To appreciate the power of Schröder-Bernstein, you might look for a direct proof of \(\mathbb{R}+\mathbb{Q}\approx\mathbb{R}\). But keep in mind that Schröder-Bernstein is not a theorem of intuitionistic set theory. For instance it fails in the effective topos. Actually, due to a recent result by Pradic and Brown it implies the excluded middle principle. On te other hand it is a theorem of ZF, namely classical set theory without the axiom of choice.

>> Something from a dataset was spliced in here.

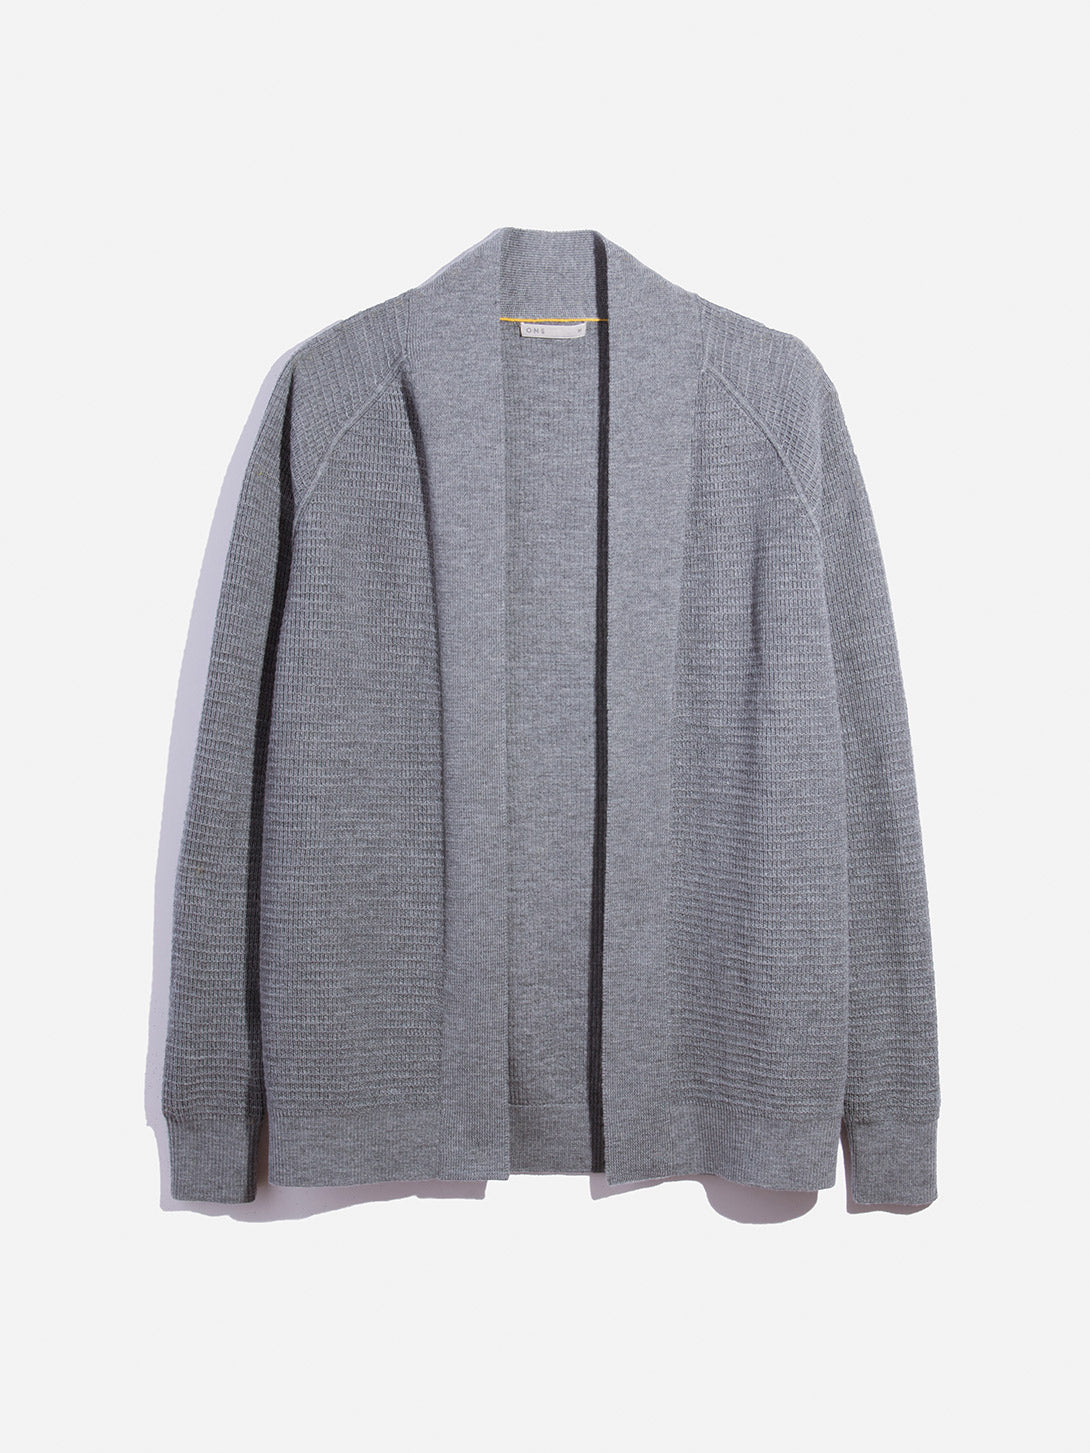 HEATHER GREY sweaters for men byron open cardigan ons clothing

So how can we implement it in Haskell if it is not constructive? Well, the implementation will not be total in some cases but we will still be able to derive some interesting bijections between types from injections.

Eilenberg-Mazur Swindle

We haven’t talked about a proof yet. There are several proofs using several different ideas: Knaster-Tarski fixed point theorem, König’s bipartite graph argument, Cantor’s use of industrial strength cardinal arithmetic, etc. We will use a form of the Eilenberg-Mazur swindle.

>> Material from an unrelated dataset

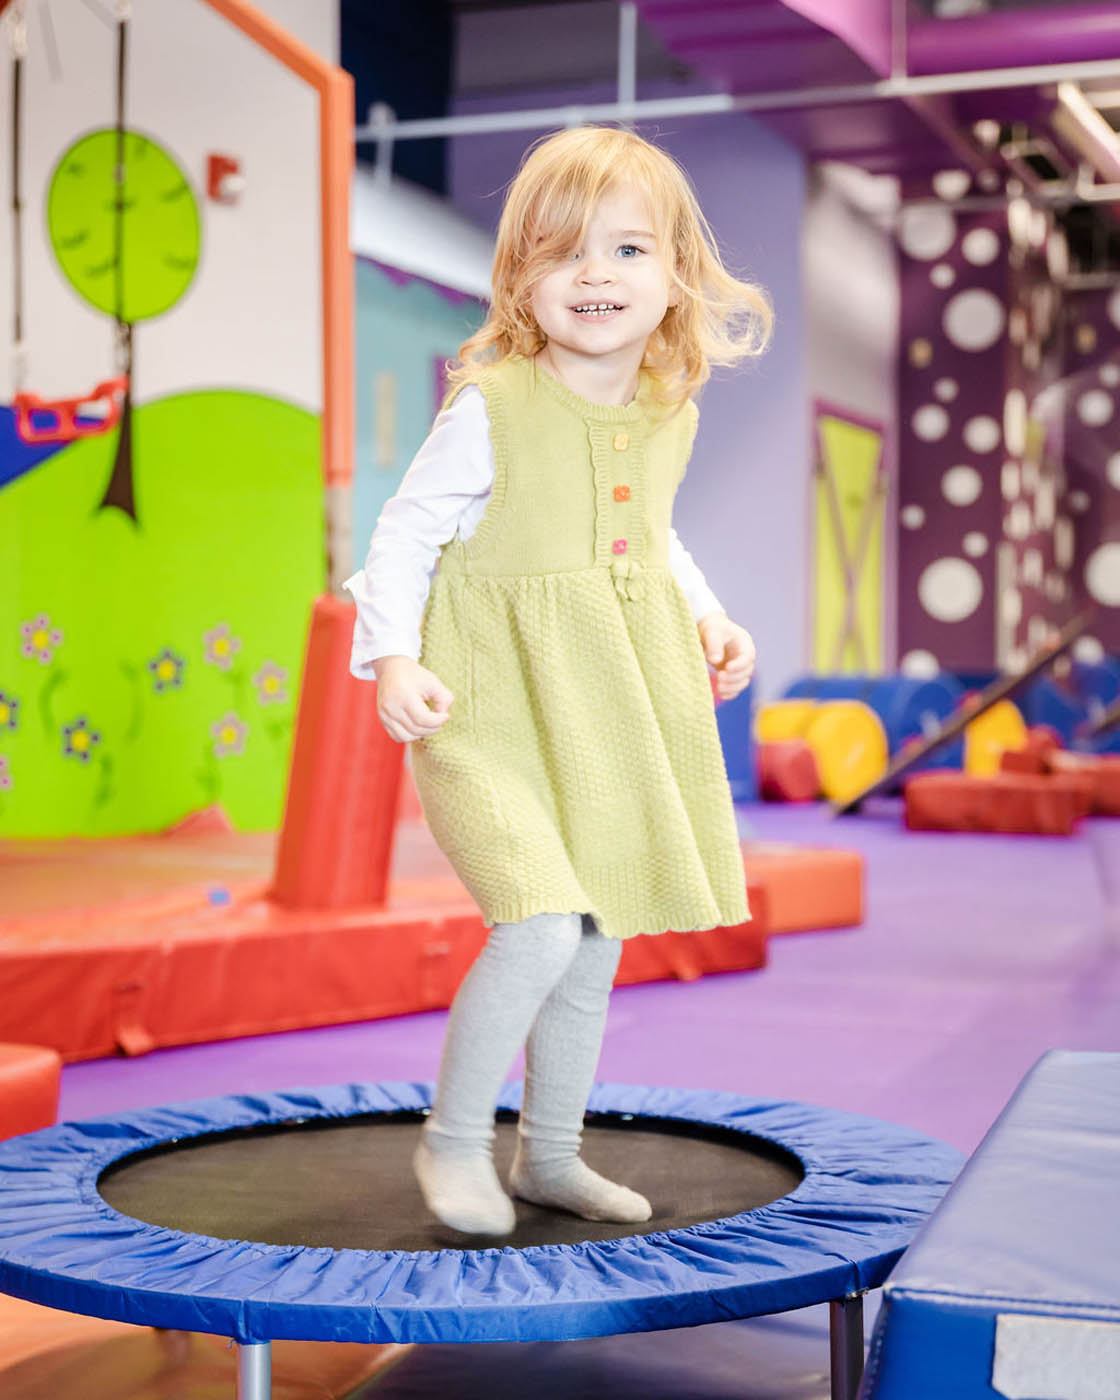 A little girl in a green dress playing on Romp n' Roll's gym equipment, contact us today for indoor kids activities in Willow Grove, PA.

Suppose \(X\lesssim Y\) and \(Y\lesssim X\). Let \(A\) be the complement of the image of \(Y\) in \(X\). Then we have \(X\approx A + Y\). Similarly we have \(Y\approx B + X\) where \(B\) is the complement of the image of \(X\) in \(Y\). Now this gives us, by iteration, these \[ X \approx A + Y \approx A + (B + X) \approx A + (B + (A + Y)) \approx A + (B + (A + (B + X)))\approx \ldots \] If you pay attention to actual bijections, you can even write this as an infinite alternating sum plus some residual set \(C\) which is not covered by any step of this process: \[ X \approx A + B + A + B + \cdots + C. \] Similarly we have \[ Y \approx B + A + B + A + \cdots + C. \] Note that the initial summands are different. Now we have \[\begin{align} X & \approx A + B + A + B + \cdots + C \newline & \approx (A + B) + (A + B) + \cdots + C \newline & \approx (B + A) + (B + A) + \cdots + C \newline & \approx B + A + B + A + \cdots + C \newline & \approx Y \end{align}\] Of course I pushed some details under the rug and there are a few details to be checked but nevertheless, this is a proof of the Schröder-Bernstein theorem via Eilenberg-Mazur.

Haskell Implementation

I will put code snippets together with explanations in the post. If you want to play with the code, it is available as a gist.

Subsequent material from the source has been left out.